- Task requirements: Among the entries, find the lines with the string "Made" and report them.

- Data for analysis:
======

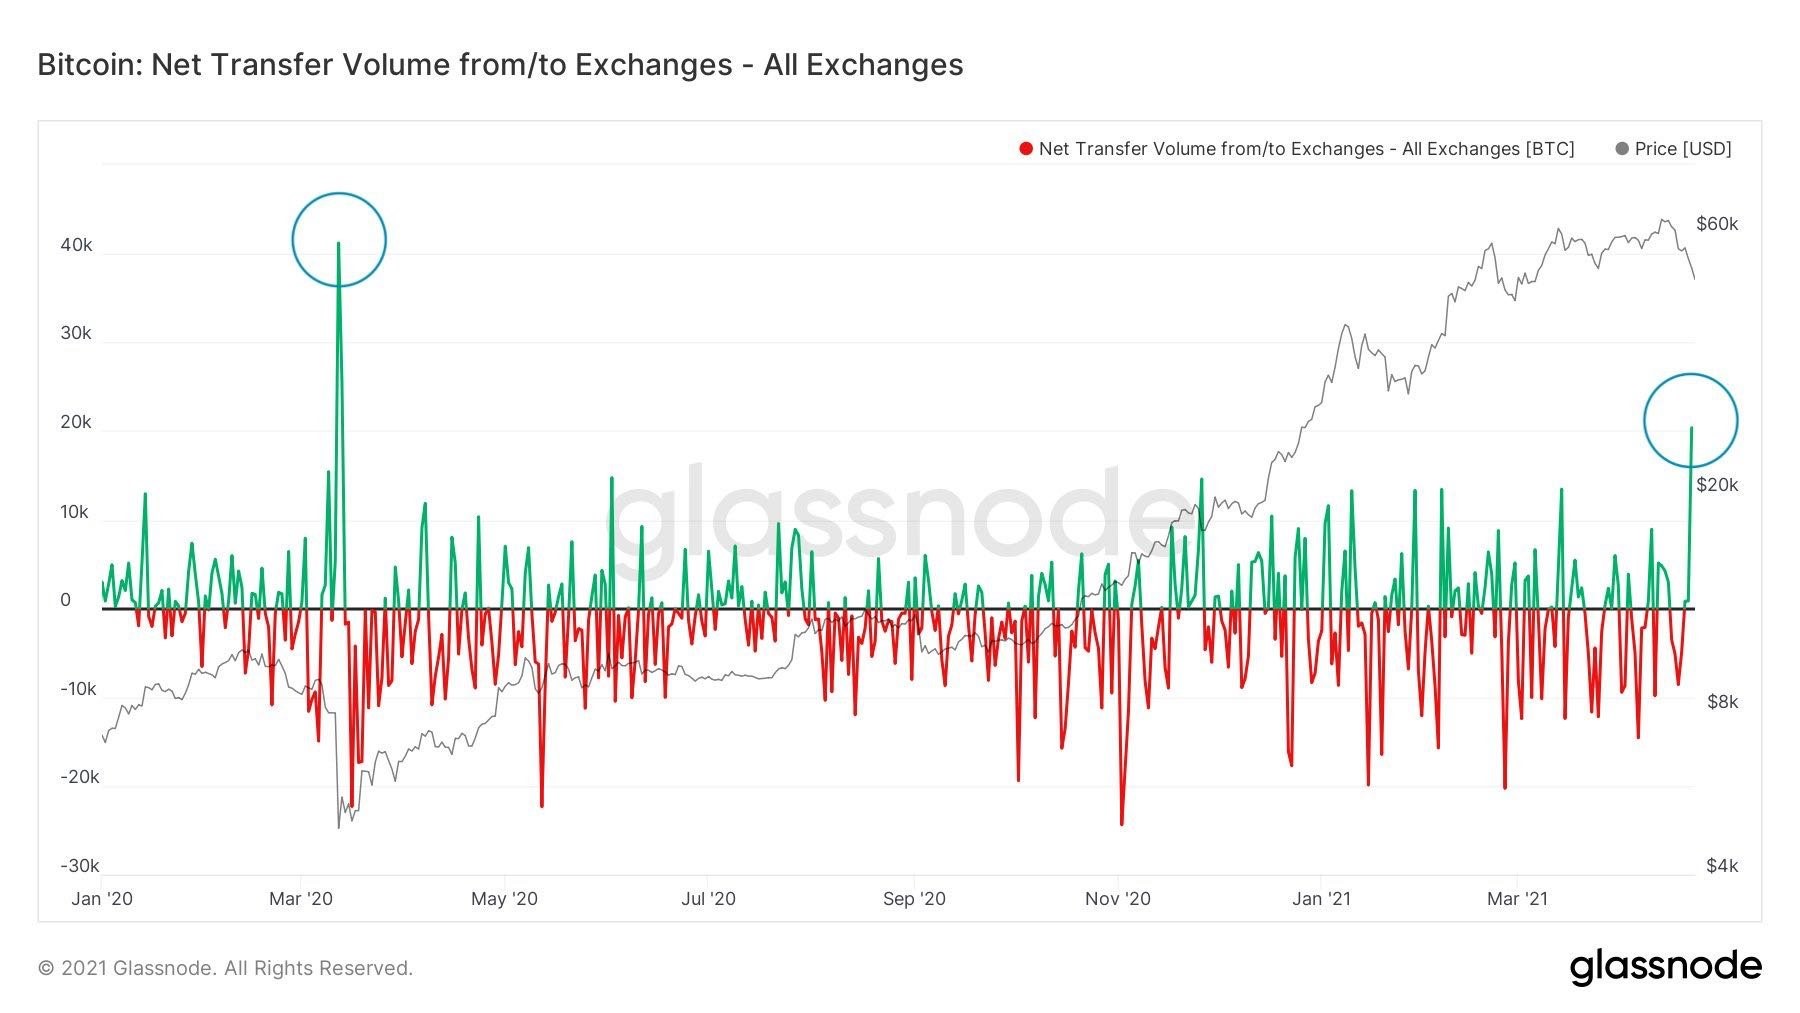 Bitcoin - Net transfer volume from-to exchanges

======

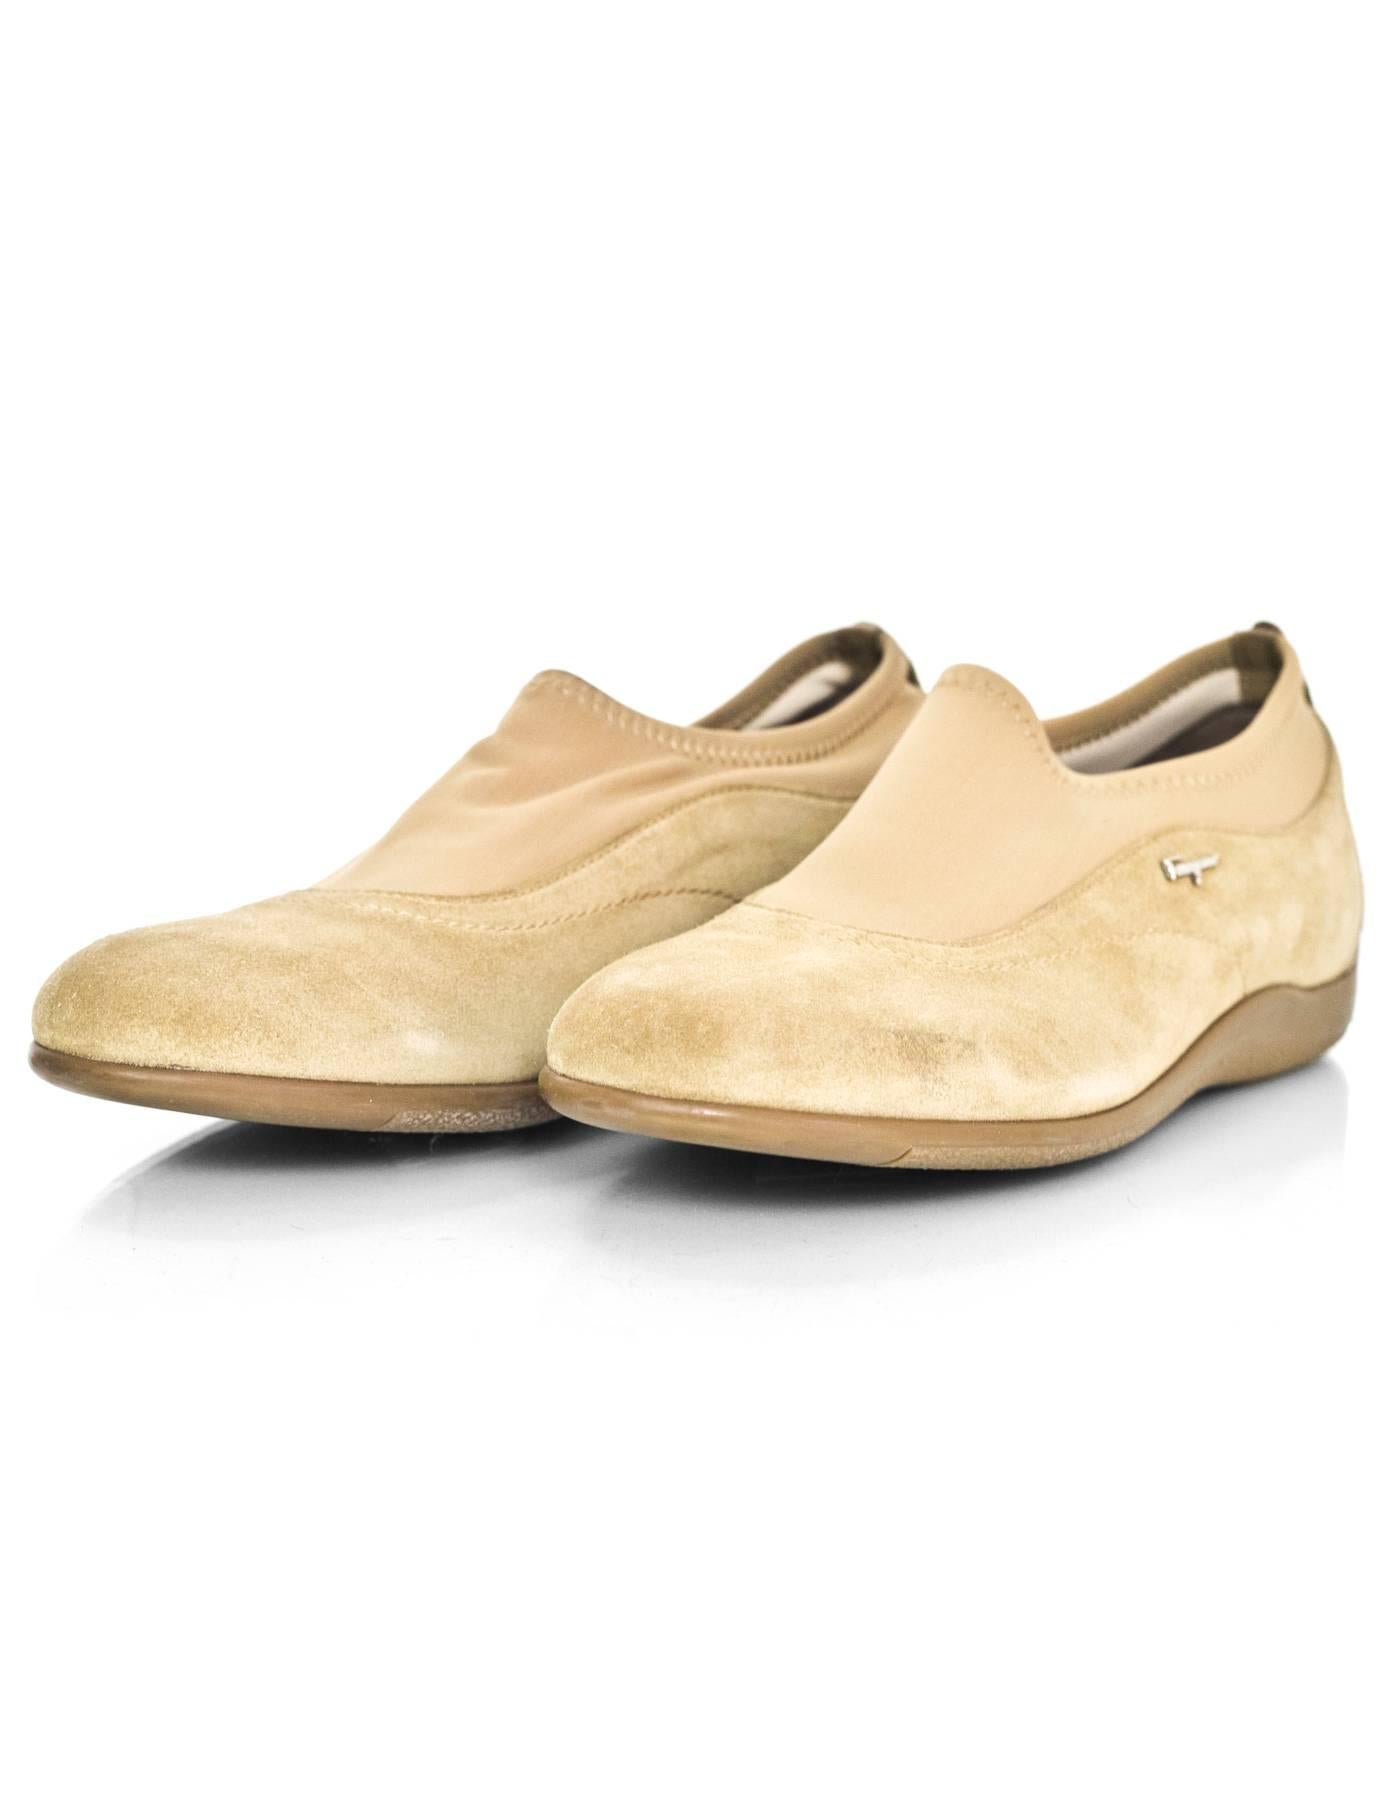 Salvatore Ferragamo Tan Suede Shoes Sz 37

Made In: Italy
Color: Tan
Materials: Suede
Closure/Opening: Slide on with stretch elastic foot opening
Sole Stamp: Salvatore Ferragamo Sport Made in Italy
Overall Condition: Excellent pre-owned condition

======

- Finished exercise:
Made In: Italy
Sole Stamp: Salvatore Ferragamo Sport Made in Italy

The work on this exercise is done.